More than half of the laws passed during the tenure of the present provincial government were passed through a loophole in the system - using ordinances instead of the assembly.
The Sindh Assembly has so far enacted 76 laws, out of which 43 were brought up through ordinances, an official told The Express Tribune.
In a parliamentary set-up, ordinances are only issued in case of an emergency situation when the assembly is not in session. Under Article 128 of the Constitution, the governor can issue an ordinance on the chief minister’s advice. These laws have a life of 90 days and are subject to approval by the assembly.
Ideally, the government or any MPA can move a bill to be made into a law. The bill is then referred to the assembly’s relevant committee for legal and technical review.
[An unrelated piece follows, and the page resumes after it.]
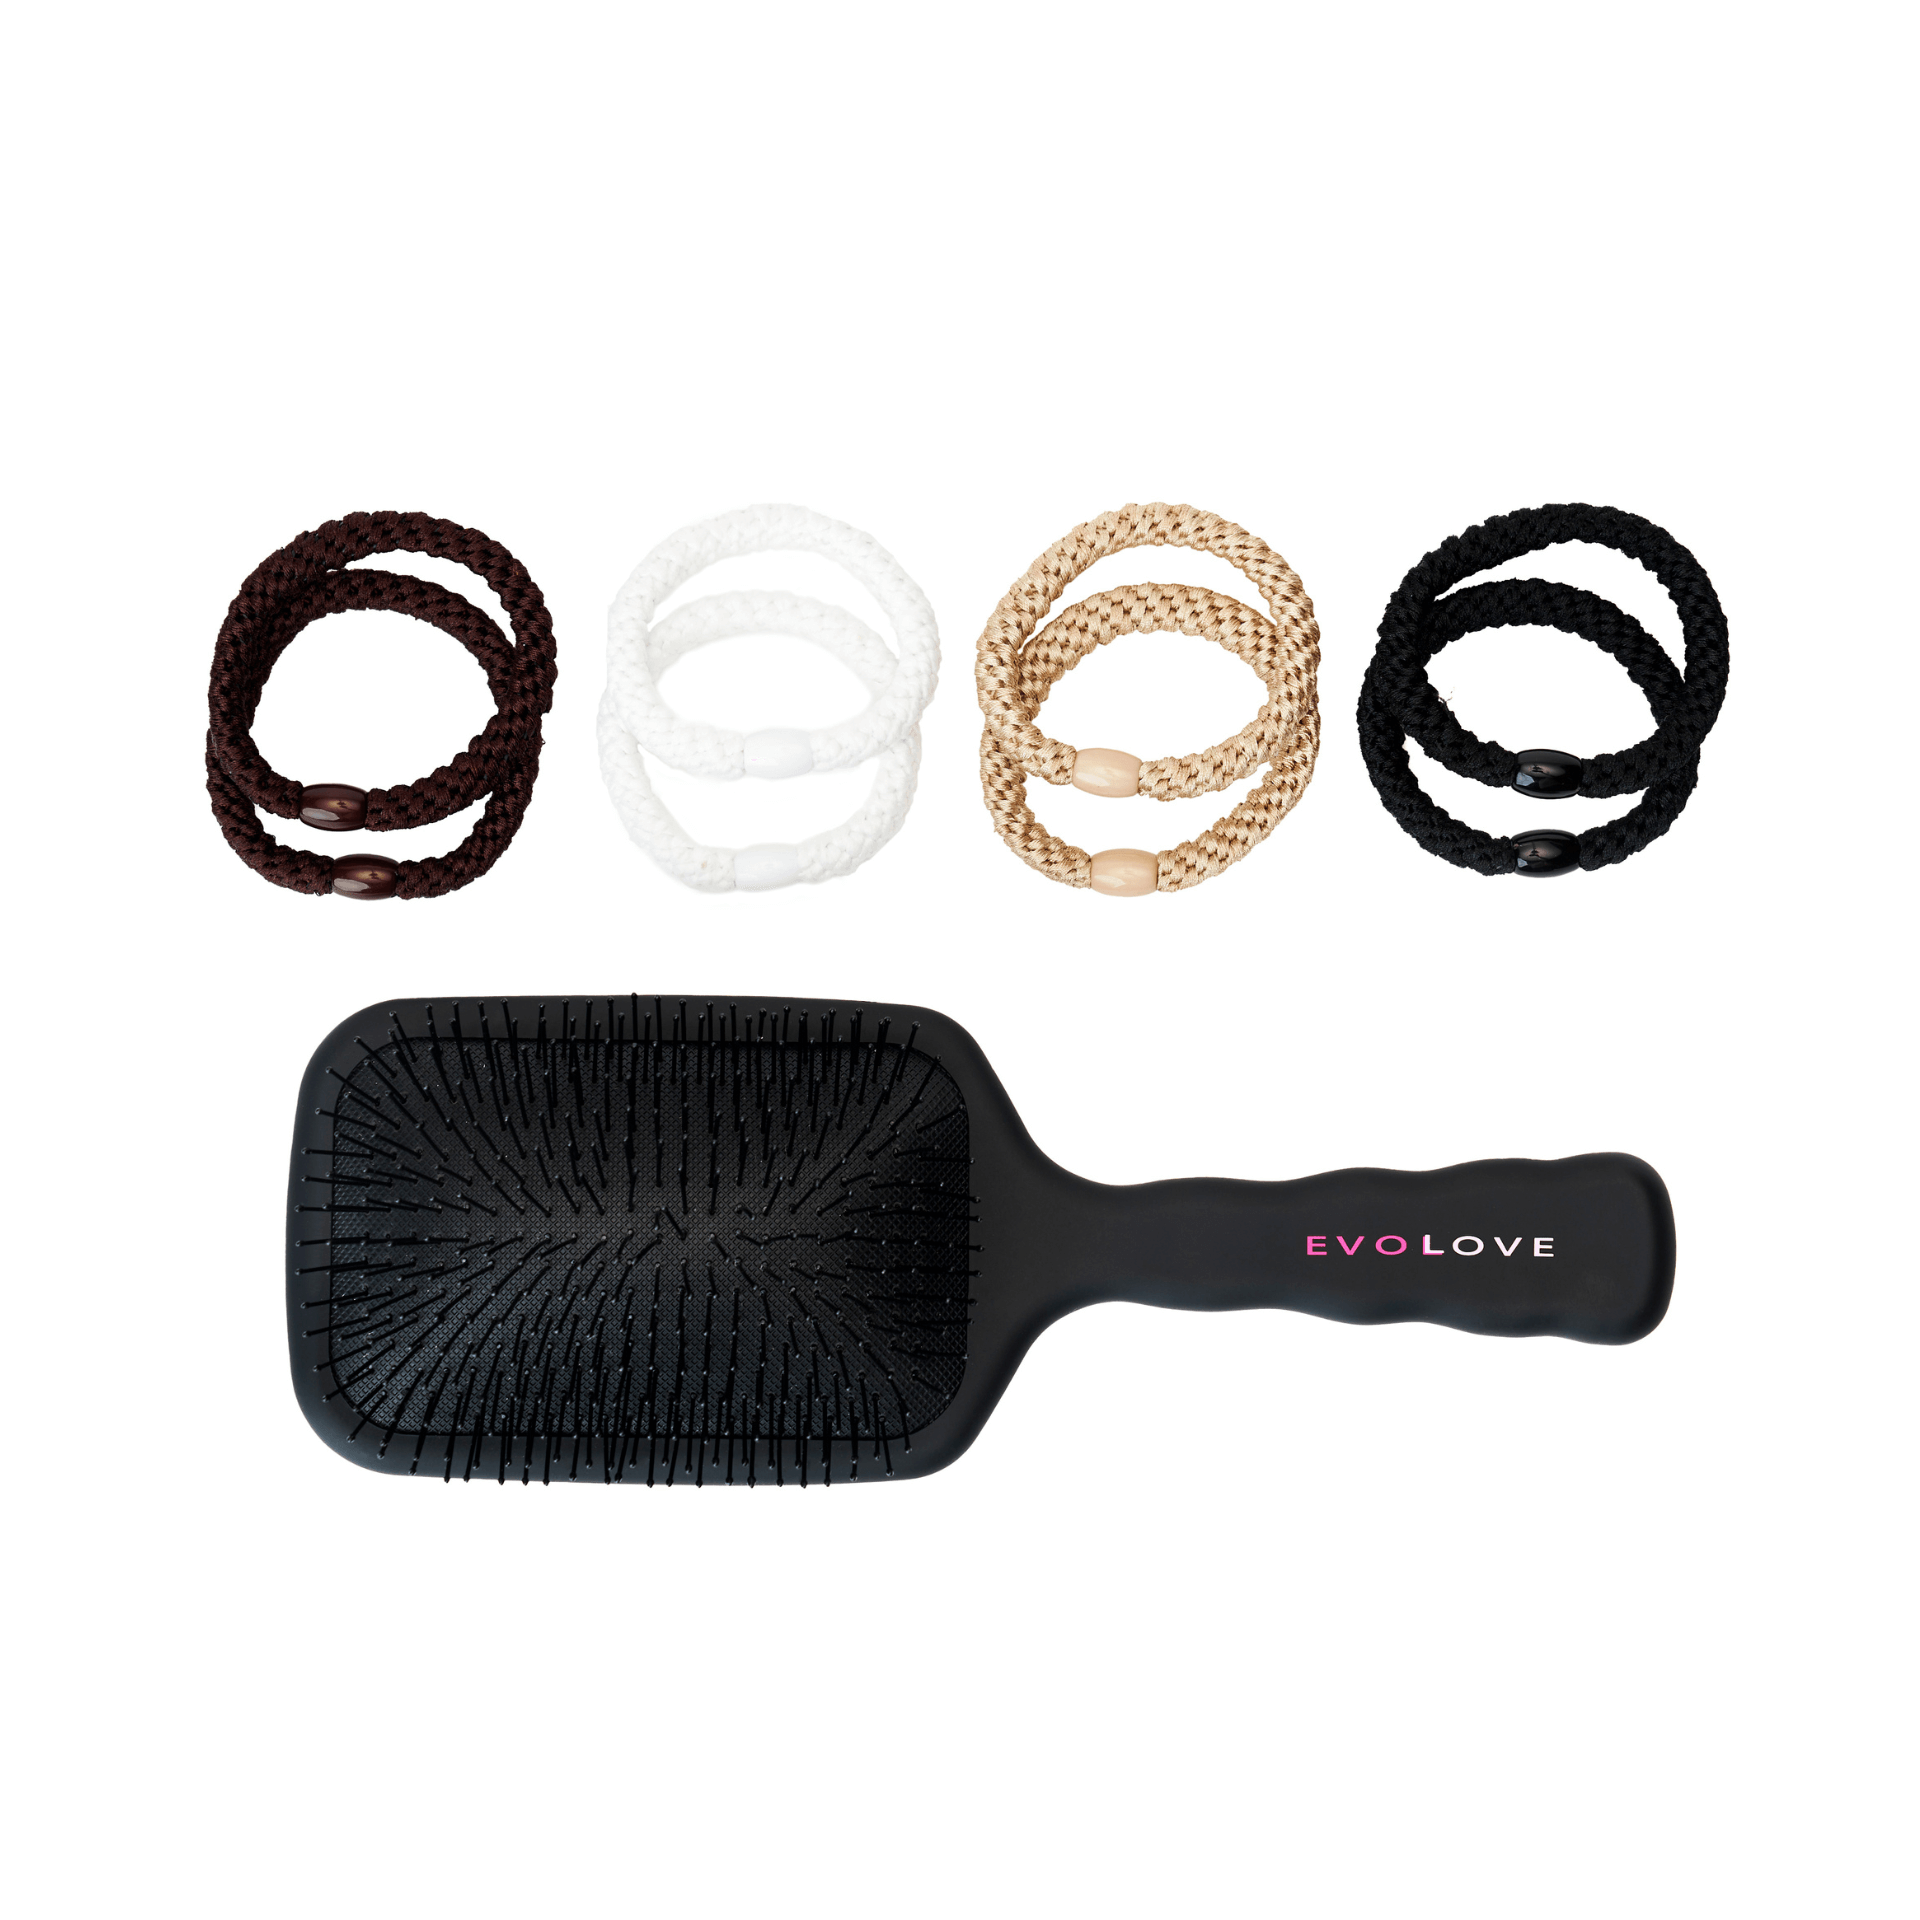 Hair brush and hair tie set displayed clearly against a white background.
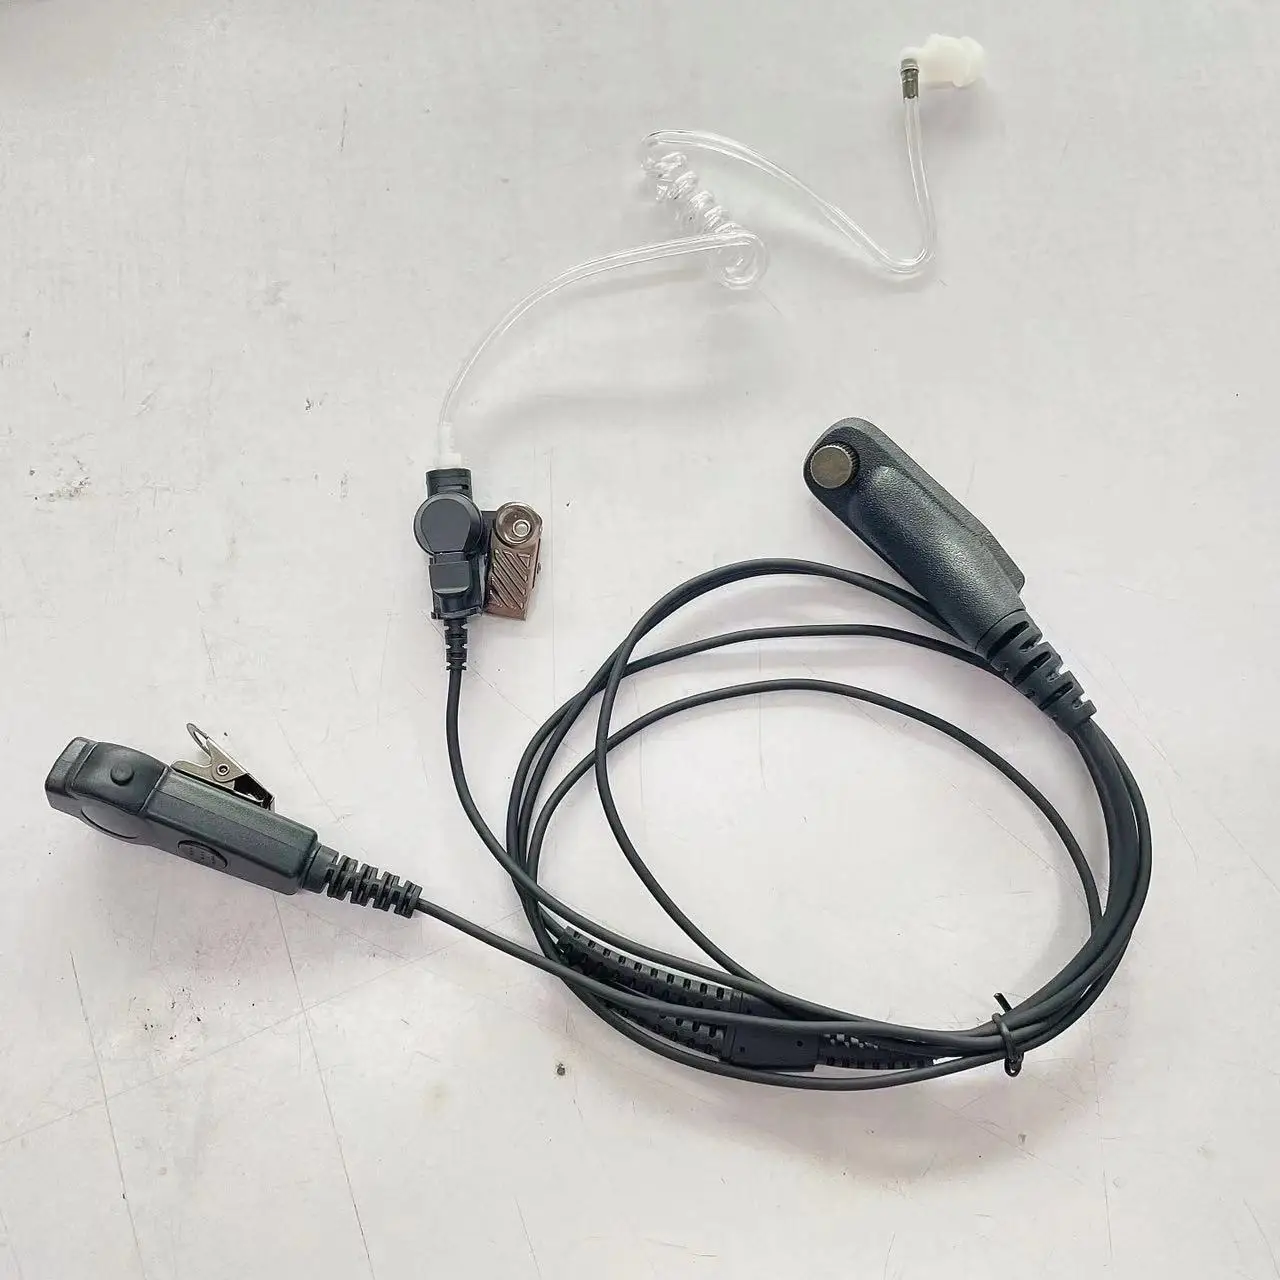 Motorola XPR 7550e Earpiece, G Shape Headset and Mic for Motorola APX4000 APX6000 APX8000 APX900 enlarge

All relevant stakeholders are taken into confidence before moving the draft in the legislature for debate.

During the past four and a half years, the government issued 43 such ordinances despite the presence of a house of elected representatives - the Sindh Assembly.
This has not only irked the lawmakers from the opposition but from the treasury benches also, who say the proper lawmaking process was not followed and most of the laws were passed through ordinances rather than draft bills.
“We are the law makers and people have elected us for legislation,” Sindh Assembly member Arif Mustafa Jatoi told The Express Tribune. “Issuing ordinances suggests assemblies are meaningless as the laws are made outside this august house.”
“In developed countries, laws are passed after a long debate but here the government issues the ordinances and adopts them within minutes,” said Jatoi, one of the most active members of the assembly. “Most controversial laws were enacted through ordinances in Sindh.”
He then gave the examples of the Sindh Peoples Local Government Act, 2012, and the Sindh Civil Services Ordinance, 2012, through which the chief minister can appoint retired employees, officials of semi-government organisations in government departments and promote junior officials out of turn.
Seven ordinances were promulgated in the first parliamentary year in 2008-9, four in 2009-10, seven more in 2010-11 and another 18 in 2011-12. The number of ordinances so far issued in the current parliamentary year stands at seven, according to the Sindh Assembly progress report.

“The government’s seriousness in legislation can be gauged from the fact that only five sessions of the Sindh Assembly have been held in the past nine months,” former opposition leader Jam Madad Ali said. The government has passed six bills in the period.
During the last four and a half years, not a single law proposed by assembly members has been passed. Around 40 private bills were tabled by members of the Pakistan Peoples Party, Muttahida Qaumi Movement, Pakistan Muslim League-Quaid, Pakistan Muslim League-Functional and National Peoples Party during the assembly’s tenure.
“Whatever and whenever the government wants, it passes the law within a short span,” Ali complained. “Despite our best efforts, the government does not give the members enough time to initiate debate on the ordinance,” he said, referring to the Sindh local government ordinance, which was adopted within seven minutes.
It is the constitutional right of the provincial government to issue ordinances through the governor, the ruling party’s Sindh law minister, Ayaz Soomro, asserted. “The Sindh Assembly members can debate and propose their amendments whenever an ordinance is issued,” he said. “But unfortunately the opposition has no other agenda but to criticise the government [rather than suggesting revision]”
Published in The Express Tribune, January 4th, 2013.